Kelly was asked about the preponderance of 3-4 defenses of late, and offered a readily understandable (and relatable) explanation.
"I really think you could probably list 4-5 reasons why people have gone to the 3-4 defense," he admitted. "I would say it takes the middle linebacker out of ‘contrary reads.' In other words, play-action in his face and the tight end runs vertical: what do you (as the middle linebacker) do? Do you run-gap fill or do you re-route the tight end? So (the 3-4) has really taken a lot of pressure off the MIKE linebacker.
(To simplify, the middle linebacker in the 4-3 had to worry about the run in front of him and the pass behind him. That's minimized with a 3-4 alignment.)
Michigan, Stanford and Navy will each use varieties of a 3-man front in 2010 while Michigan State will have a 3-4 look among its multiple defensive packages.
Nuts and BoltsWhile non-coaches understandably fall in love with a linebacker's athleticism, the men in charge are just as concerned with the myriad traits necessary to succeed at such a demanding position
For Diaco and Cooks, the introduction of 3-4 technique is ongoing.
"Obviously they were taught techniques for a different scheme the last couple of years," Cooks said. "But the defensive style we want to play involves different components: using your hands, different key progressions, different route progressions…
"Once the call comes in – we're in that process right now – we're giving these guys the calls and we're showing them a multitude of formations and showing them the proper stance; proper route progression; proper techniques to defeat certain blocks."
Juniors Fleming and Filer enter year No. 3, scheme No. 3, and defensive play-caller No. 3 of their college careers.

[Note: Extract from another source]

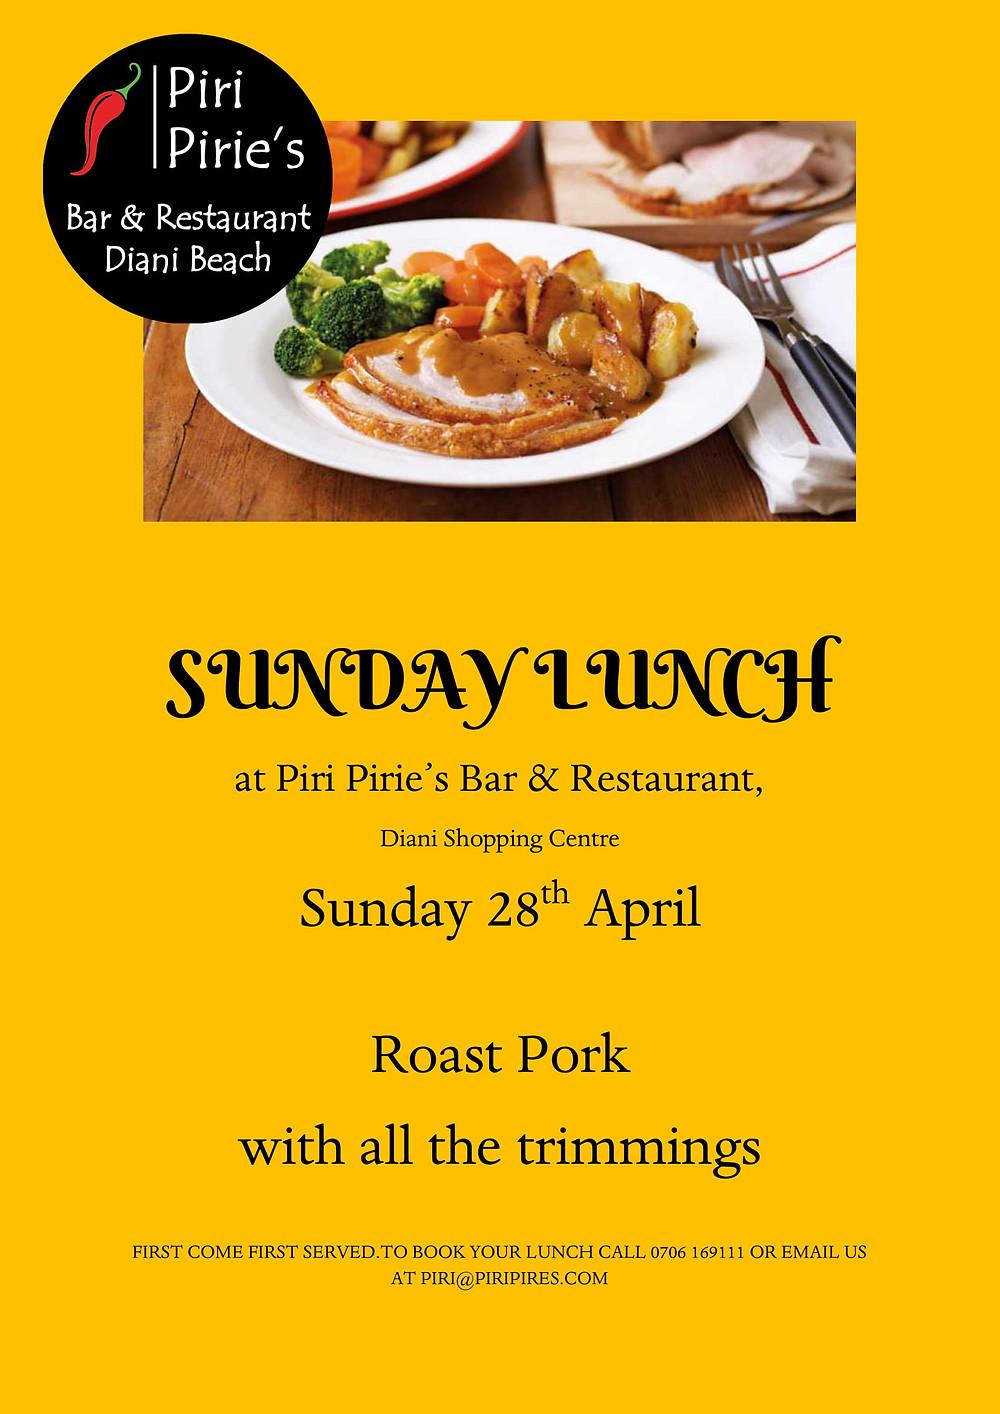 Roast Pork for Sunday Lunch 28th April.@ Piri Piries

Seniors Neal and Smith have nearly come full circle, though the 3-4 defense in which the pair competed in 2007 differs greatly from Diaco's scheme.
"It's not easy," Diaco said of preparing his inside ‘backers for action. "You have to spend a lot of time thinking about practice and thinking about each specific player to give them the things that they need (to be successful). Everybody's style is different, but we try not to give them too much. We try to go to practice and give the player one thing to improve on in that particular practice."
As for the battle for game reps next to the talented Te'o, Diaco will continue to search for the best combination.
"We just have to get them to continue to grow their assets; really focus and work on their liabilities, so that they're really functional players for the different things that will happen."
The finer points will be drilled by Diaco, a former All-Big 10 inside ‘backer who can also impart his intimate knowledge of the craft as the two underclassmen grow into players.
But as Kelly pointed out Tuesday, the Notre Dame program doesn't have the luxury of looking toward the future. The defense, the linebackers, and McDonald and Calabrese must be ready to play and win beginning September 4.
Can the Irish find the right combination or setting for success? As Kelly concluded Tuesday:
"I think that's what I get paid for."